Justin Baldoni’s $400 million defamation countersuit against Blake Lively and Ryan Reynolds has been formally dismissed, marking the latest chapter in the ongoing It Ends with Us legal battle.
On October 31, U.S. District Court Judge Lewis Liman signed an order ending the case after Baldoni and his co-plaintiffs at Wayfarer Studios failed to file an amended complaint following its dismissal in June 2025. According to court documents reviewed by PEOPLE, Judge Liman contacted all parties earlier in October to warn that a final judgment would be entered if no updates were made.
Lively, 38, responded by requesting that the court issue the final judgment but allow her request for legal fees to remain active a motion the judge approved. The order effectively ends Baldoni’s counterclaims against Lively, Reynolds, and their publicist.
The decision follows months of litigation that began in December 2024, when Lively filed a lawsuit accusing Baldoni of misconduct and orchestrating a retaliatory smear campaign on the set of It Ends with Us. Baldoni has denied all allegations.
His countersuit, filed in response, sought $400 million for alleged defamation and extortion, while a separate $250 million case against The New York Times was also dismissed in June.
Following the initial dismissal, Lively addressed the outcome in a heartfelt Instagram Story post:
“Like so many others, I’ve felt the pain of a retaliatory lawsuit, including the manufactured shame that tries to break us,” she wrote. “While the suit against me was defeated, so many don’t have the resources to fight back.”

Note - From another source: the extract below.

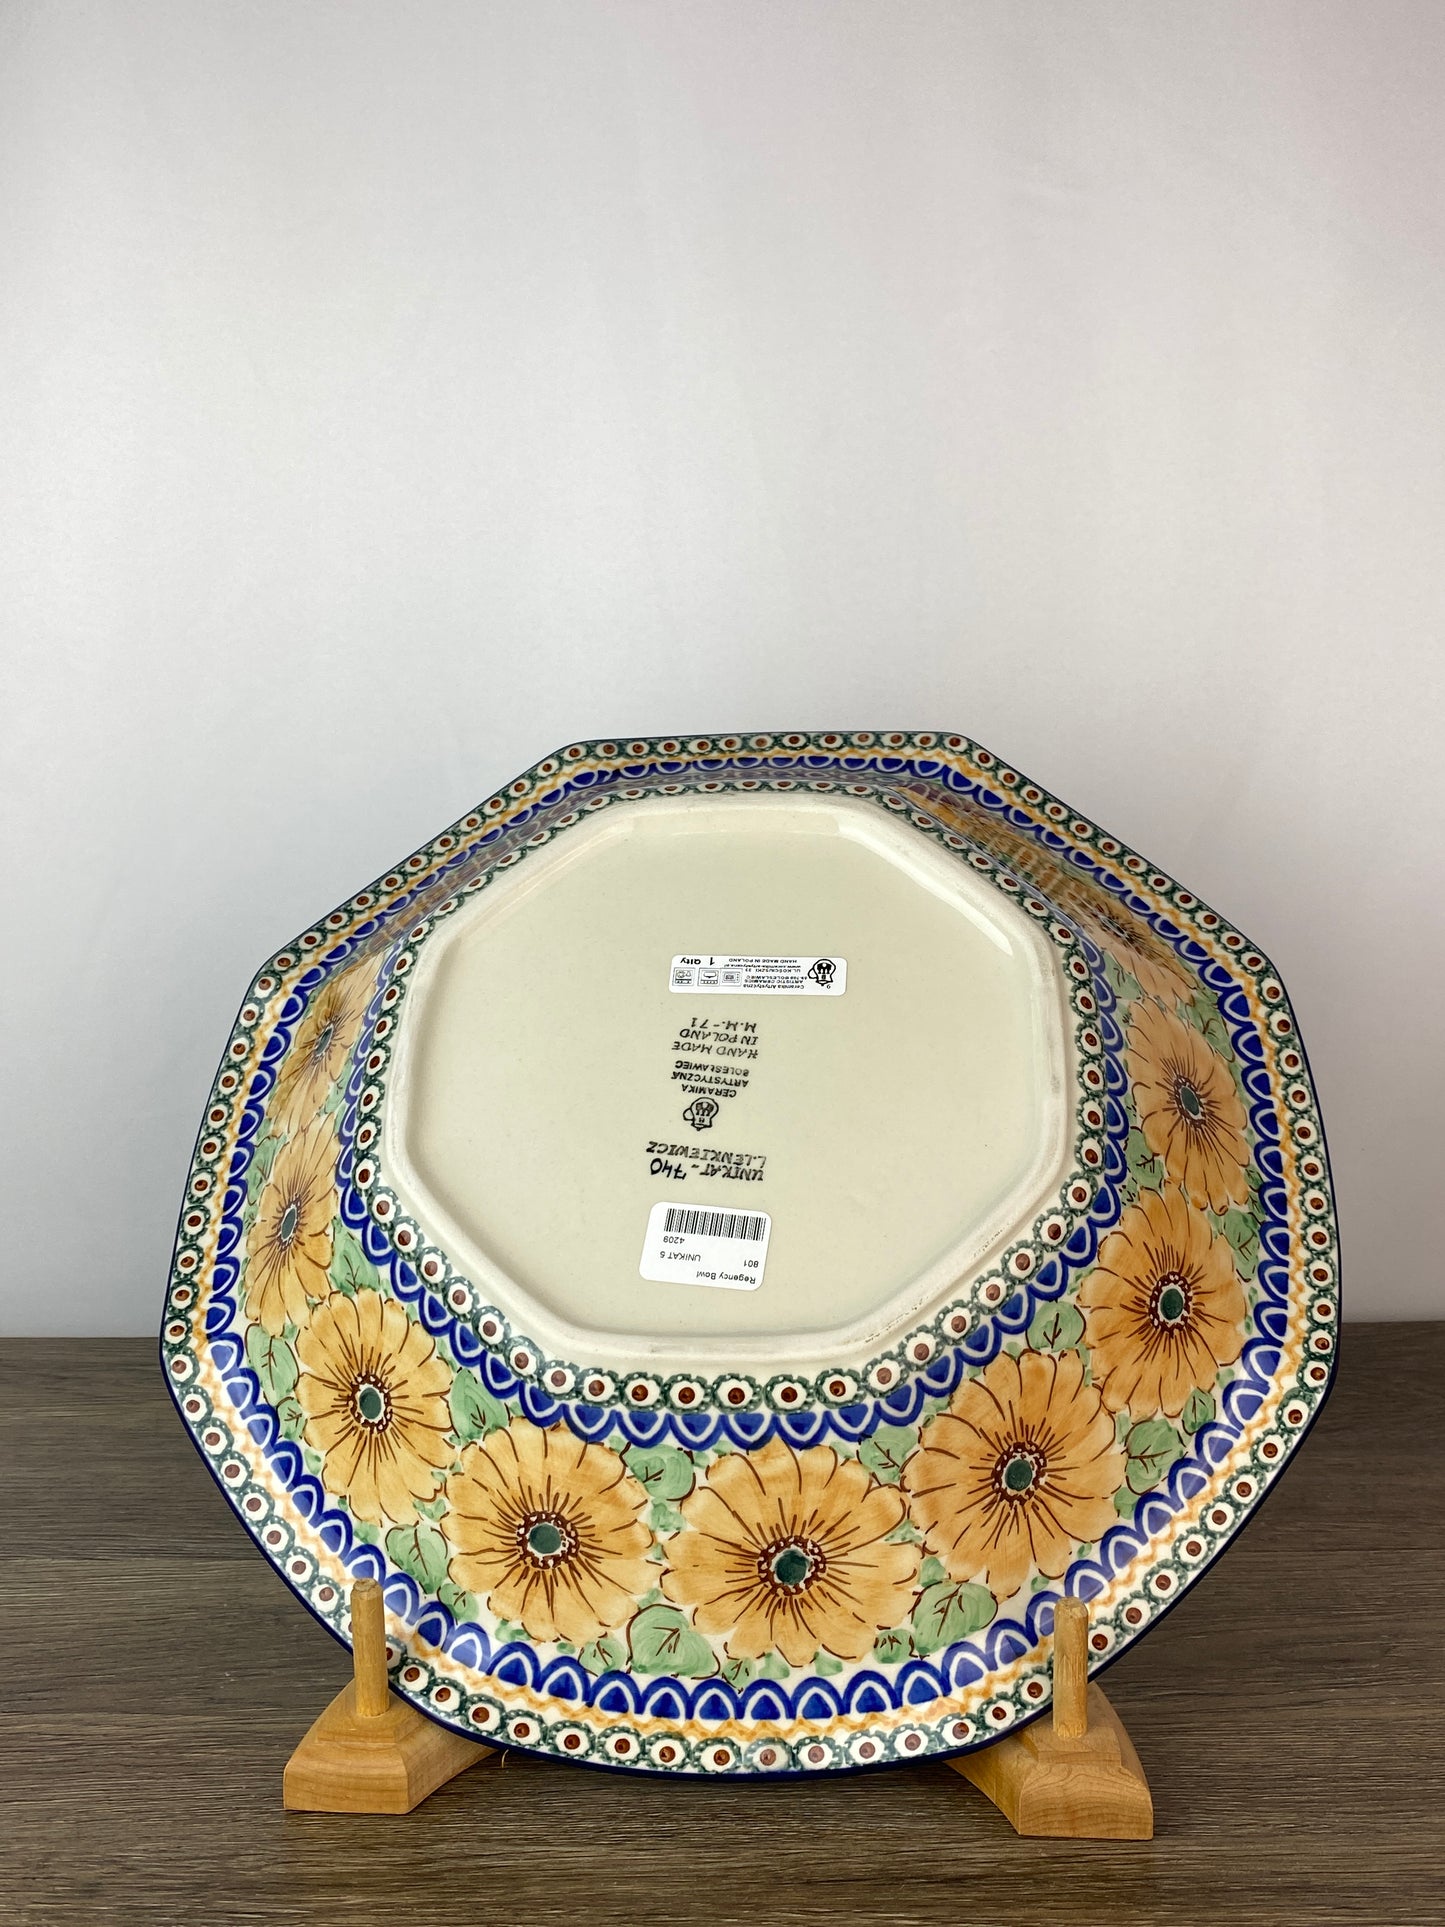 SALE Extra Large Flared Unikat Bowl - Shape 801 - Pattern U740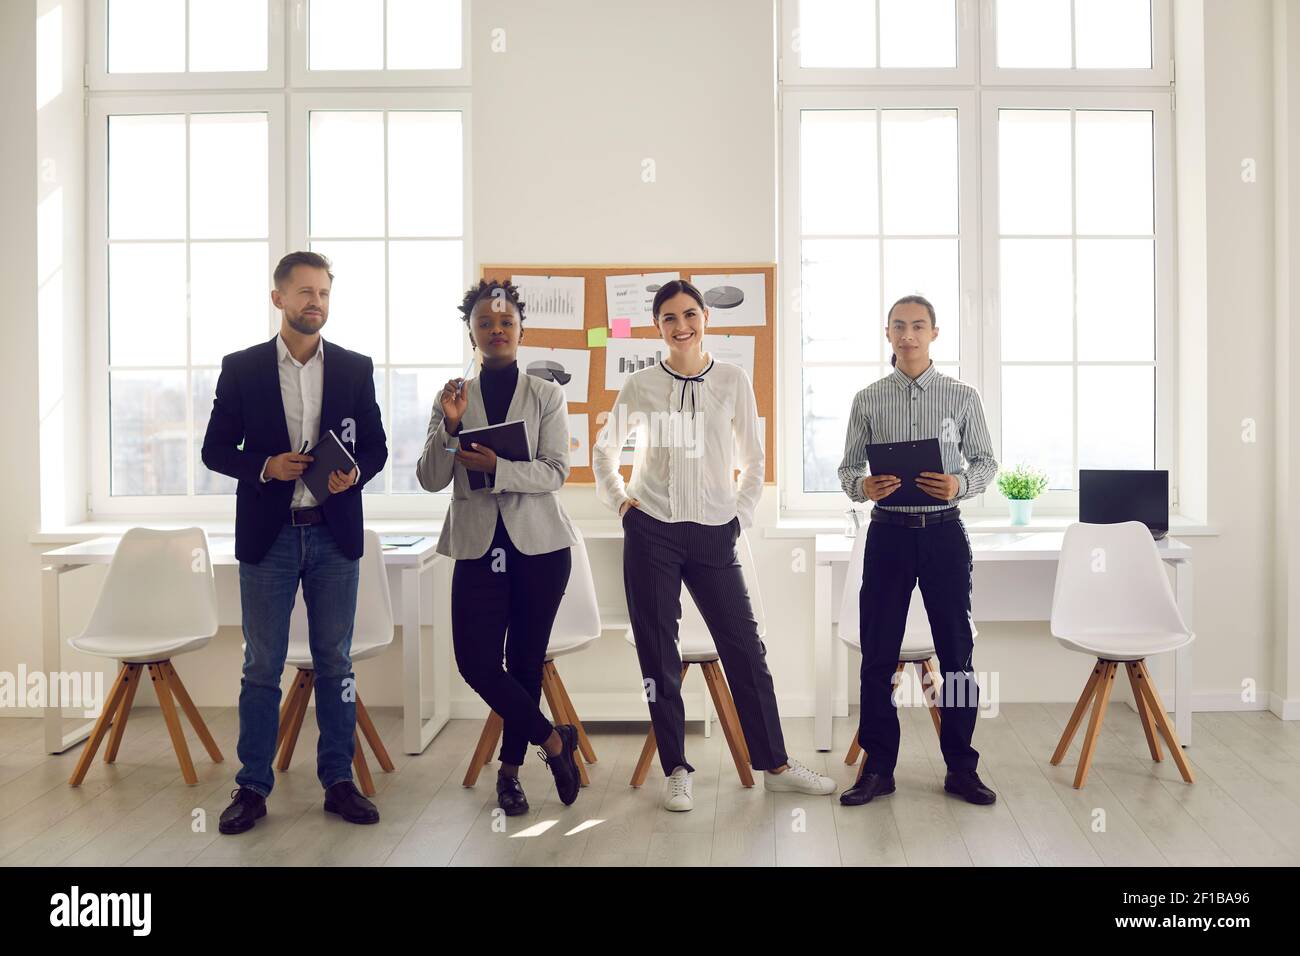 Portrait de groupe d'employés de bureau multiraciaux qui se posent devant l'appareil photo dans le bureau. Banque D'Images

Her attorneys, Esra Hudson and Mike Gottlieb, called the ruling a “total victory and a complete vindication,” stating that the court saw Baldoni’s claims as baseless.
Baldoni’s attorney, Bryan Freedman, responded that the declaration of victory was “false,” maintaining that the case centered on “false accusations of sexual harassment and retaliation.”
Judge Liman previously ruled that Lively’s harassment allegations were protected under California law inspired by the #MeToo movement, and thus could not be used as the basis for a defamation suit. The court also found that Baldoni and his team had not demonstrated that Reynolds, Lively’s publicist Leslie Sloane, or The New York Times knowingly published false information.
While Baldoni’s countersuit has officially ended, Lively’s original lawsuit remains active, with a trial scheduled for March 2026.